The primary aim of the present study was to examine whether a 2-week online MBSH intervention significantly reduces perceived stress compared to an inactive waitlist control condition and a matched non-mindfulness condition. The matched control condition consisted of a 2-week online classical music listening intervention, which shares the same structure, format and time demands as the MBSH intervention. We also aimed to test three theoretically and/or empirically supported mechanisms of MBIs (Gu et al. 2016a)—namely, mindfulness, self-compassion and worry—as mediators of the effects of MBSH versus the waitlist control and matched non-mindfulness conditions on stress. This study therefore investigates not only whether the specific process of learning mindfulness reduces stress, by comparing MBSH to a matched non-mindfulness condition and controlling for non-specific factors, but also how learning mindfulness specifically may reduce stress, by examining the three most commonly tested, and theorised, mechanisms of MBIs as mediators. This study tests three hypotheses. First, compared to the waitlist control condition, the MBSH intervention was predicted to significantly reduce stress over the 2-week time period. No hypothesis was made about the relative effect of the MBSH versus classical music intervention on stress, because there are no compelling theoretical or empirical reasons to hypothesise a difference between these conditions in either direction. Second, the effects of the MBSH intervention versus waitlist control on changes in stress were expected to be significantly mediated by changes in mindfulness, self-compassion and worry (Fig. 1a–c). Third, the effects of the MBSH intervention versus the classical music intervention on changes in stress were hypothesised to be significantly mediated by changes in mindfulness, self-compassion and worry (Fig. 1a–c).

Fig. 1
figure 1

Path diagrams depicting three multicategorical independent variable mediation models. a The effects of mindfulness-based self-help (MBSH) versus music or MBSH versus waitlist control (X) on changes in perceived stress (PSS) (Y) mediated by changes in mindfulness (FFMQ) (M). b The effects of MBSH versus music or MBSH versus waitlist control on changes in perceived stress mediated by changes in self-compassion (SCS). c The effects of MBSH versus music or MBSH versus waitlist control on changes in perceived stress mediated by changes in worry (PSWQ). a, b and c’ are unstandardised regression coefficients which represent predicting M from X (a), Y from M controlling for X (b) and Y from X controlling for M (c’).

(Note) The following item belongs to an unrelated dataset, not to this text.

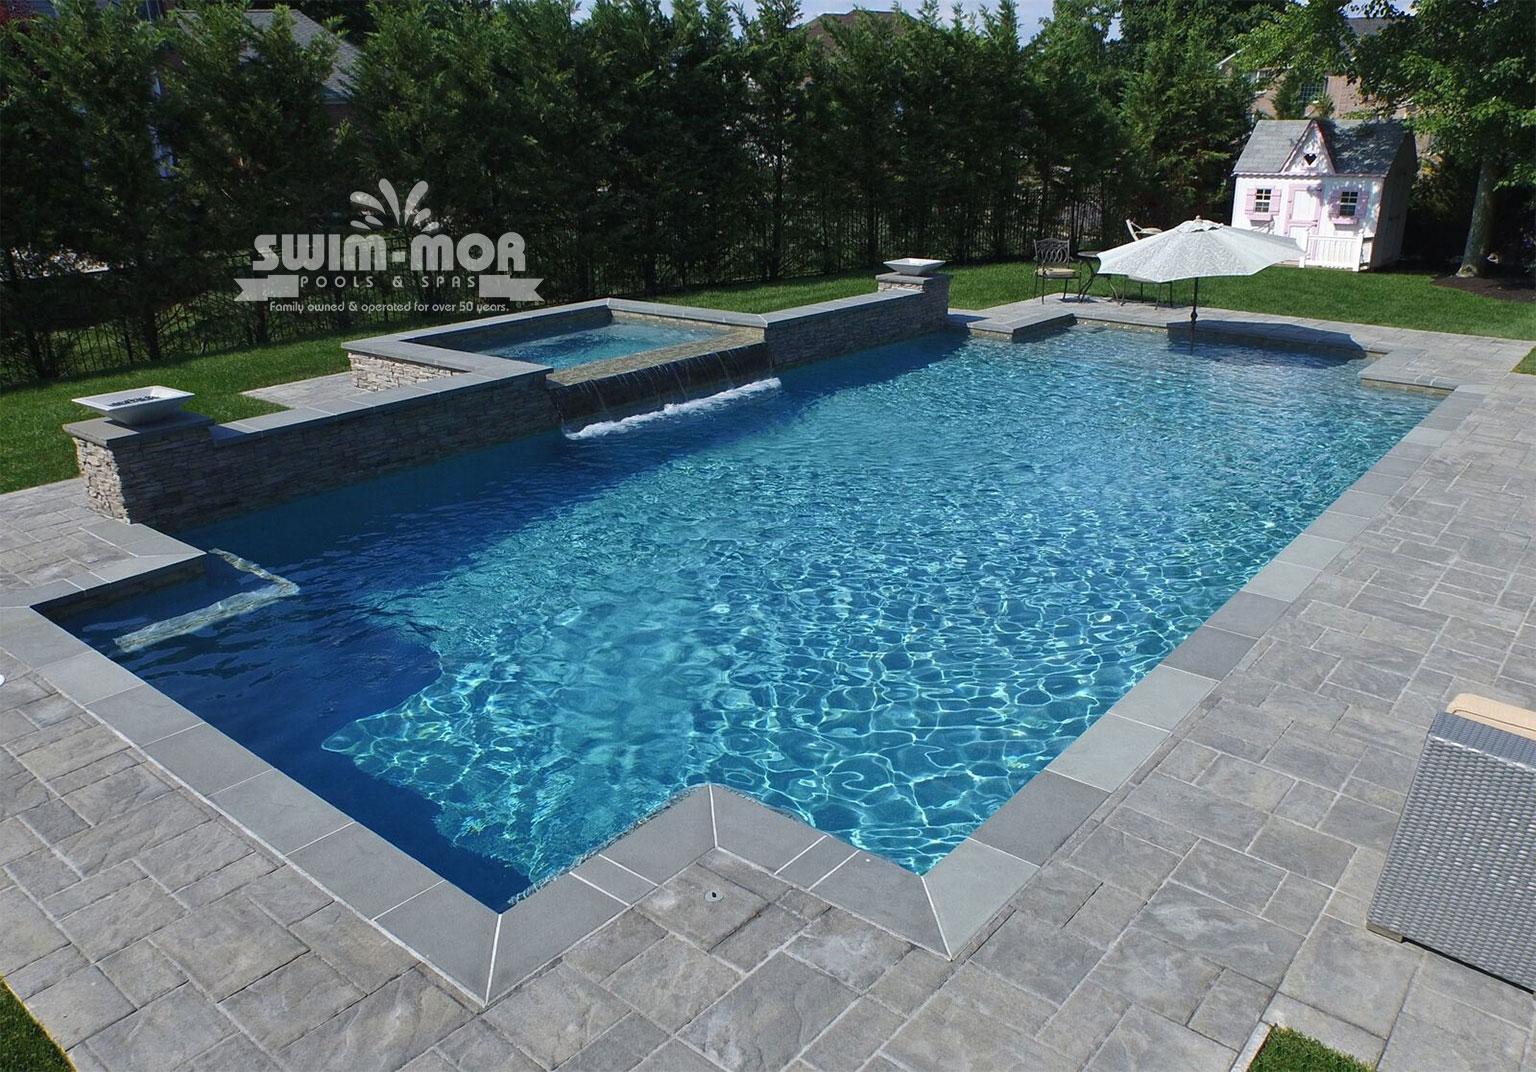 classic pool designs swim mor pools

The product of the a and b paths, ab, represents the mediated or indirect effect

Method

Participants

This study had an experimental design, testing the effects of group (MBSH, classical music and waitlist control) and time (baseline, mid-intervention and post-intervention) on self-reported levels of mindfulness, worry, self-compassion and perceived stress. Participants were 214 students and staff (72.90% female) at a university in the South of England, with access to the university’s online learning portal. Their ages ranged from 18 to 49 years (M = 24.20, SD = 5.79). Participant baseline demographic characteristics are presented in Table 1.

Table 1 Baseline demographic characteristics of all participants across MBSH, classical music and waitlist control groups

Procedure

Participants completed baseline questionnaires hosted on Bristol Online Surveys (www.onlinesurveys.ac.uk) and were randomised to the MBSH, classical music or waitlist control condition. Randomisation was conducted by researchers independent of the research team and blind to participant details using a computer-generated blocked allocation method, with six numbers per block. Participants allocated to MBSH and music conditions were given access to the intervention sites within 24 h of randomisation. Standardised e-mails were sent during the 2-week period (days 3, 7 and 10) to encourage participants to engage in the interventions. Participants were also e-mailed at days 7 (mid-intervention) and 14 (post-intervention) to complete online questionnaires. Reminder e-mails for participants to complete mid-intervention and post-intervention measures were sent once for mid-intervention measures and three times for post-intervention measures.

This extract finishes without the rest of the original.